**DATA BELOW:**
>>>
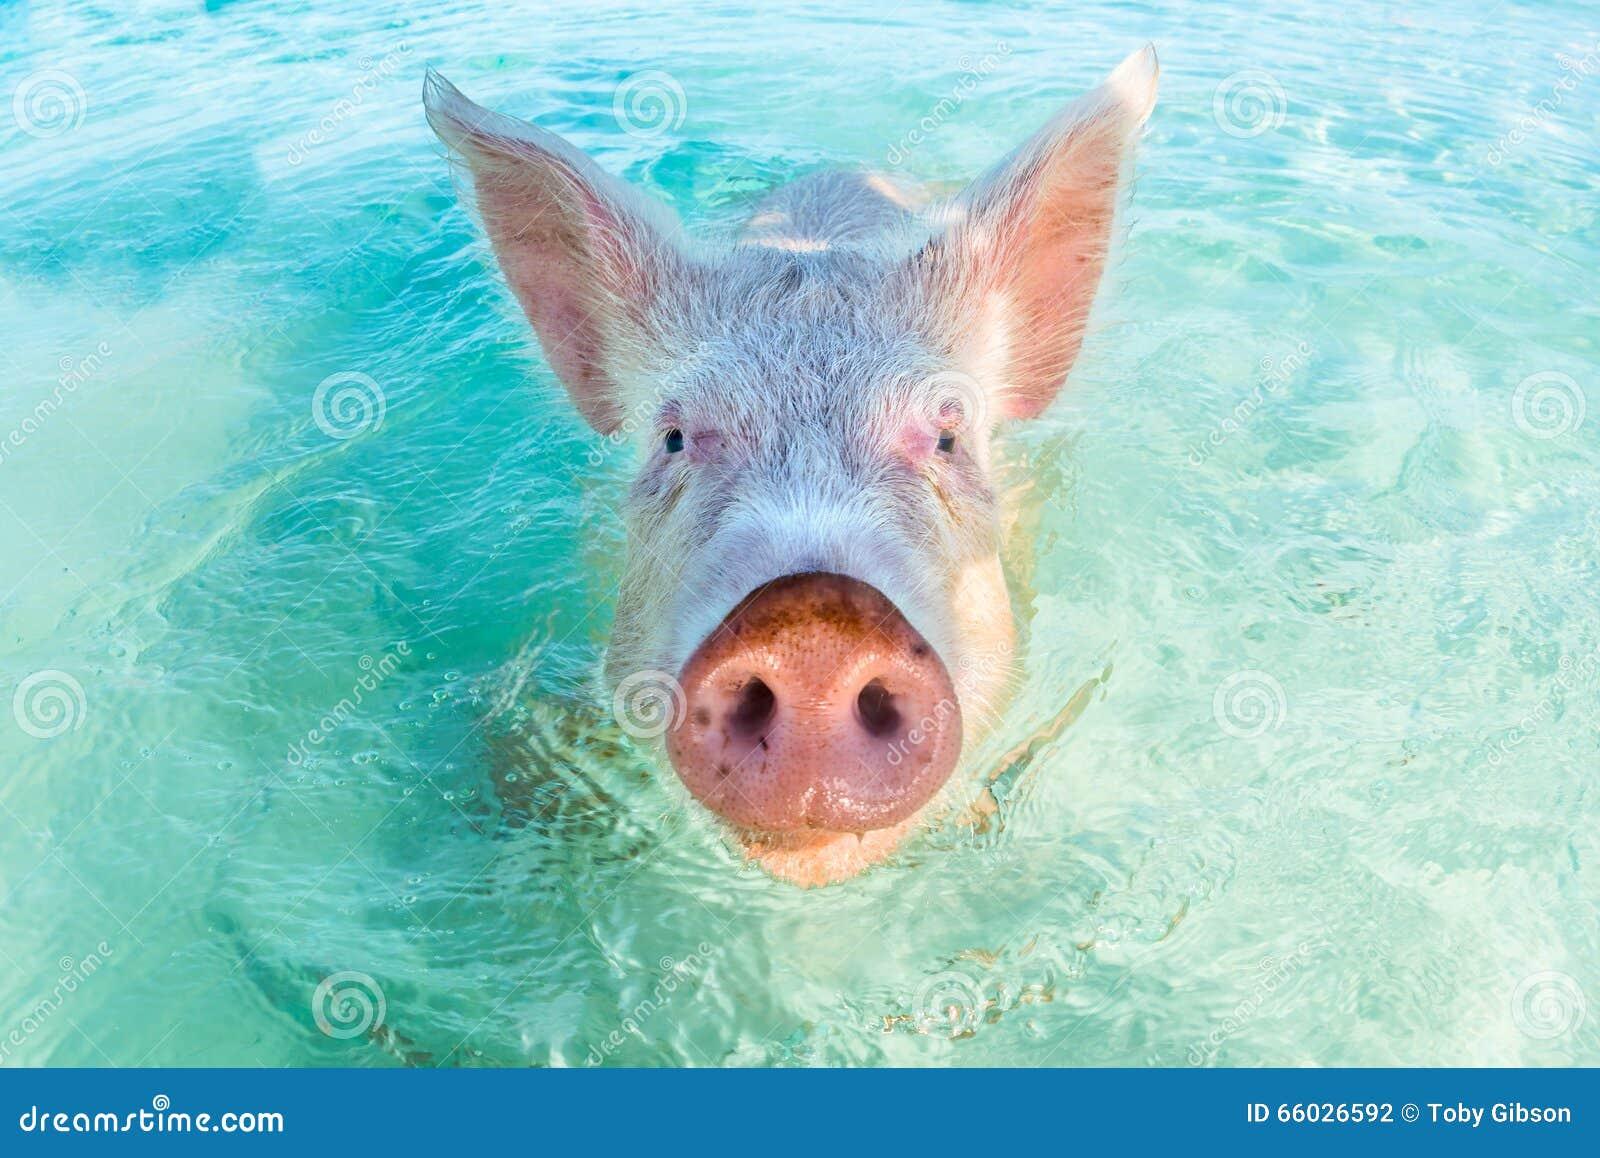 猪游泳表情包分享展示图片
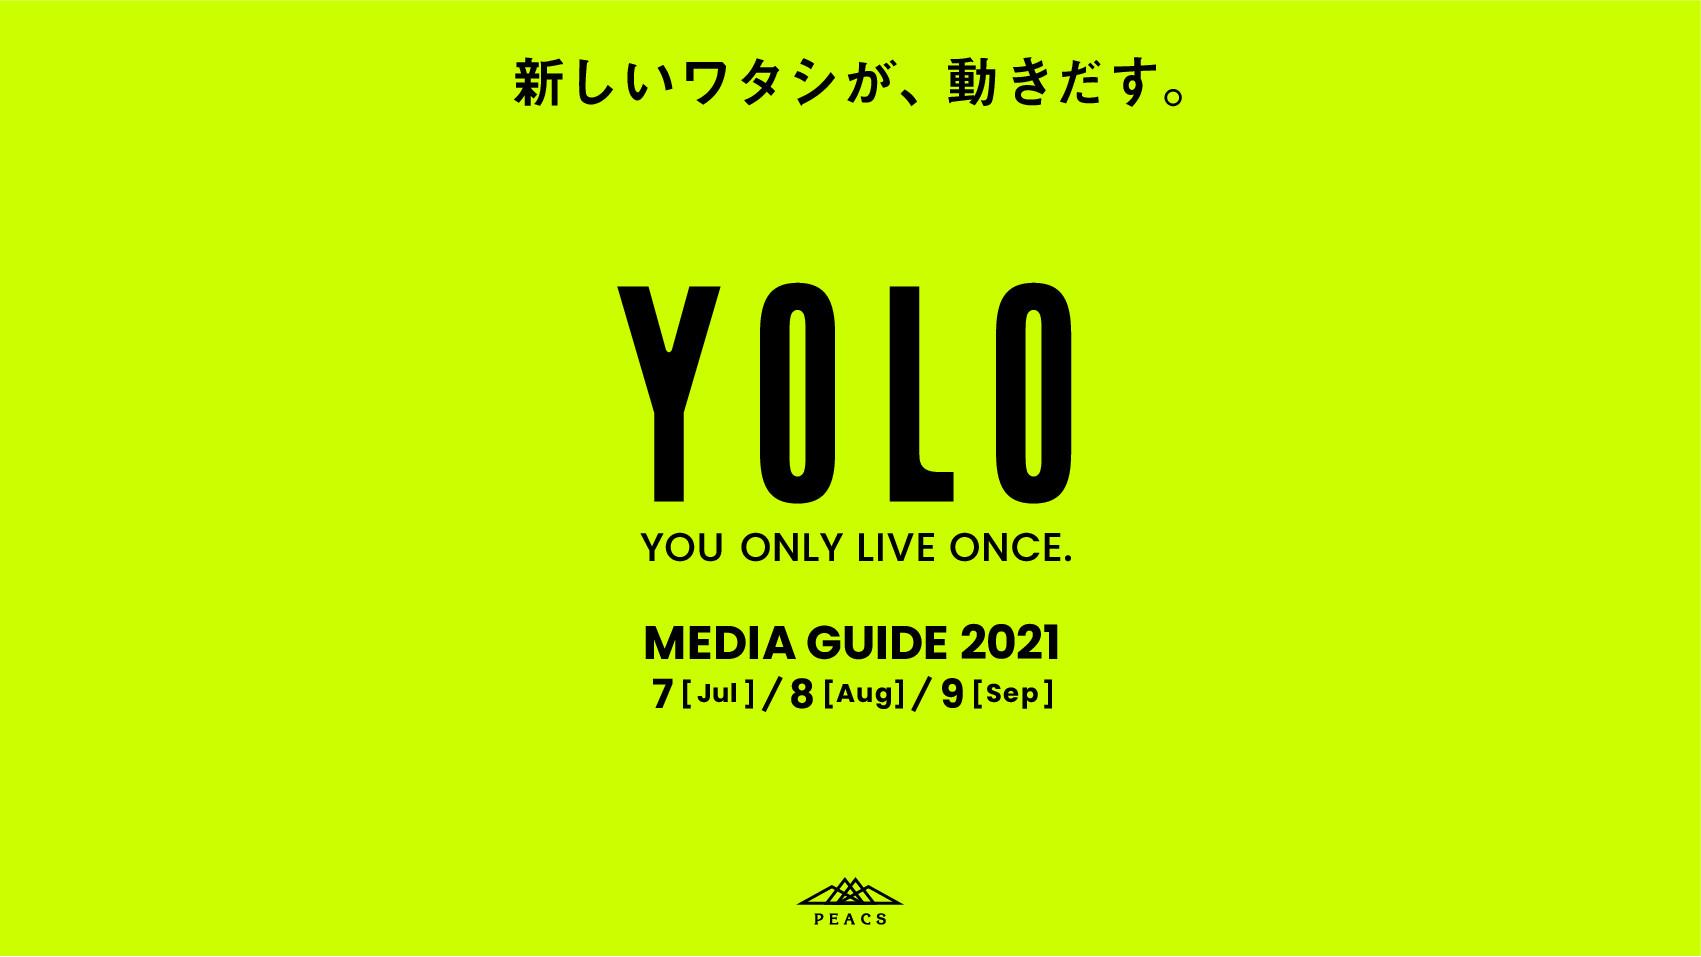 yolo_mediaguide_210714_001
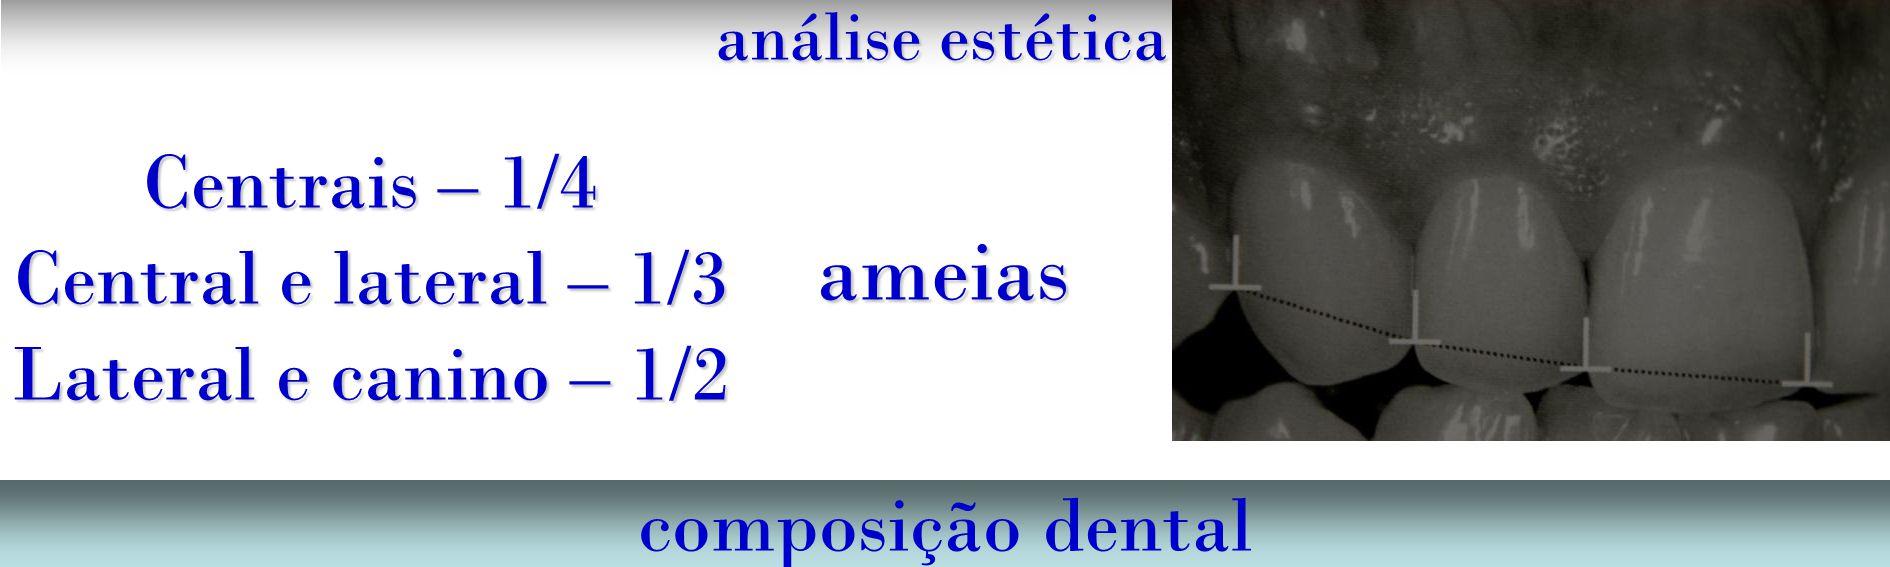 ameias Centrais – 1/4 Central e lateral – 1/3 Lateral e canino – 1/2
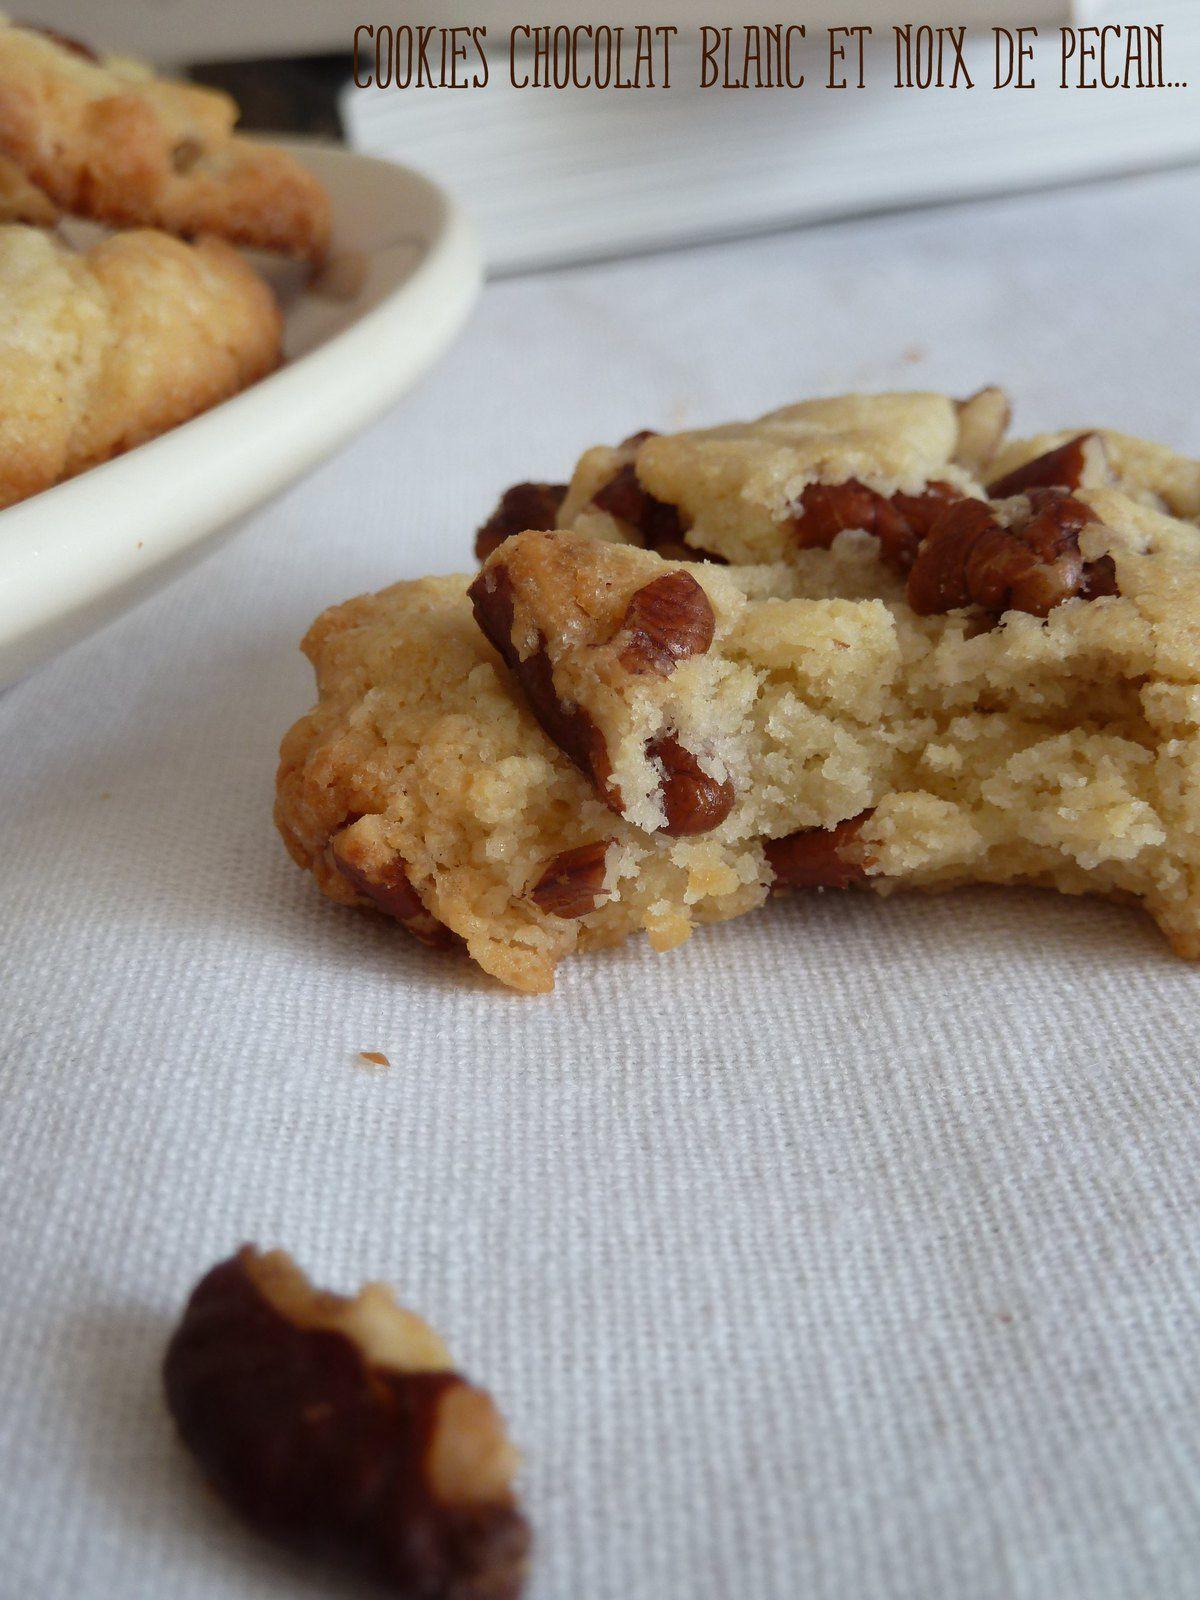 Cookies chocolat blanc et noix de pécan
<<<
**WHAT YOU NEED TO DO:** Once the pictures are set aside, repeat the data above exactly.

**FINISHED TASK:**
 猪游泳表情包分享展示图片
 yolo_mediaguide_210714_001
 ameias Centrais – 1/4 Central e lateral – 1/3 Lateral e canino – 1/2
 Cookies chocolat blanc et noix de pécan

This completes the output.